Thursday, October 14, 2010

Twenty5.Sixty5: Social Philosophy for Modern Men

25.65
How Old Am I
I woke up this morning to the White Stripes, some really old Johnny Cash, and a little Sex Pistols (to the chagrin of my wife), making sure that I was revved up for the day and that my testosterone was in check. On the cusp of my musical morning launch, I find myself at some unsettled or perhaps fluid age, moving rapidly towards 65 and swiftly away from 25. The issue troubling me is that I feel more connected to motivating stimuli (literally everything I see, hear, and touch), and possess an overall curiosity of the world around me that is more insatiable than when I was 25-and I was famished for life back then. I find myself wondering, who do I want to be as I move unstoppably forward, and how do I want my life to look as I go there? In this article, and in future postings, I will discuss my insights and findings on what I consider a life well lived for me and possibly the rest of us men moving forward into the great unknown. 

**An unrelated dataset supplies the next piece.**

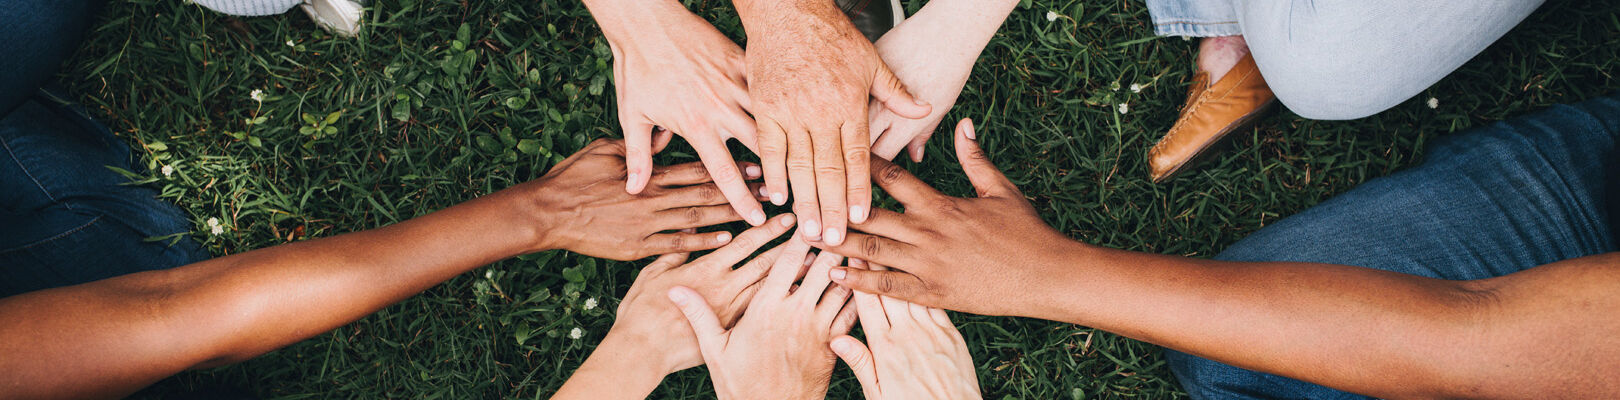 Des personnes tendent les mains pour se motiver avant de commencer la vie associative.

My language, writing, and demeanor is that of someone with wisdom and a fair amount of time under his belt, yet because of my exuberant nature and willingness to speak in contemporary ways, if you talk to me on the phone I am always mistaken for someone in their twenties. If you met me in person though, it would be hard for me to betray some age that is not closely representative to my actual years lived-which is not close to the number 25. I ask myself daily, "how do I reconcile this odd balance, of the days I have lived-16,792 as of sometime today-and the person I wake up feeling like every day-the 25-year-old?" I look at many of the guys I meet, socialize with, or work with, that are younger or older than me and they are sticks in the mud. They are so all-consumed by making sure they fit into some ideal of society or are towing the line of responsibility that they do not appear to be becoming anything accept what our culture dictates to them-or more succinctly: they do not appear to live, instead it appears they just exist. 
I remember as a child, looking to the adult men around me and thinking; "These guys have it made. They have jobs, cars, homes, and seem to be comfortable in their skin." Only they didn't and they don't. They were, and are still, for the majority, disenfranchised with their lives in spite of the grandiose dreams they had when they were younger. These men, from my past and present, fall into this no-man's land of embracing social conformity, shunning individuality, and forgetting that it is our job as men to force life to open itself up and reveal itself. This does not mean that we have sex with anyone that will present themselves to us for this pleasure-that is easy to make happen. Instead it is the nectar of life I am discussing, the nuances that make it individually enthralling to us to wake up every day and hunt for more. The "more" I speak of is a broad spectrum of exposure to music, the written word, abstract thought, and art both in the natural and man-made world, purposely tying us emotionally to self and those that we come in contact with. I do not want to be the guy that can only speak intelligently about sports, or cars, or modern business concepts, and misses the fact that life is happening all around me on many levels. Life is juicy and waiting for us to take giant, gluttonous bites out of it, so what are we waiting for? 
How old am I? I am only as old as I allow myself to be. As I become wiser, I see myself becoming younger and the world around me becomes more vibrant. As I step into my day I remember, that I am man, and as man, I need to hunt; specifically if that hunt is for knowledge, wisdom, and humility. As the guys in Aerosmith said 41 years ago, when they were barely even 20 years old; "all these lines on my face getting clearer." In the end, I do not care how long I have lived, so long as I have truly lived.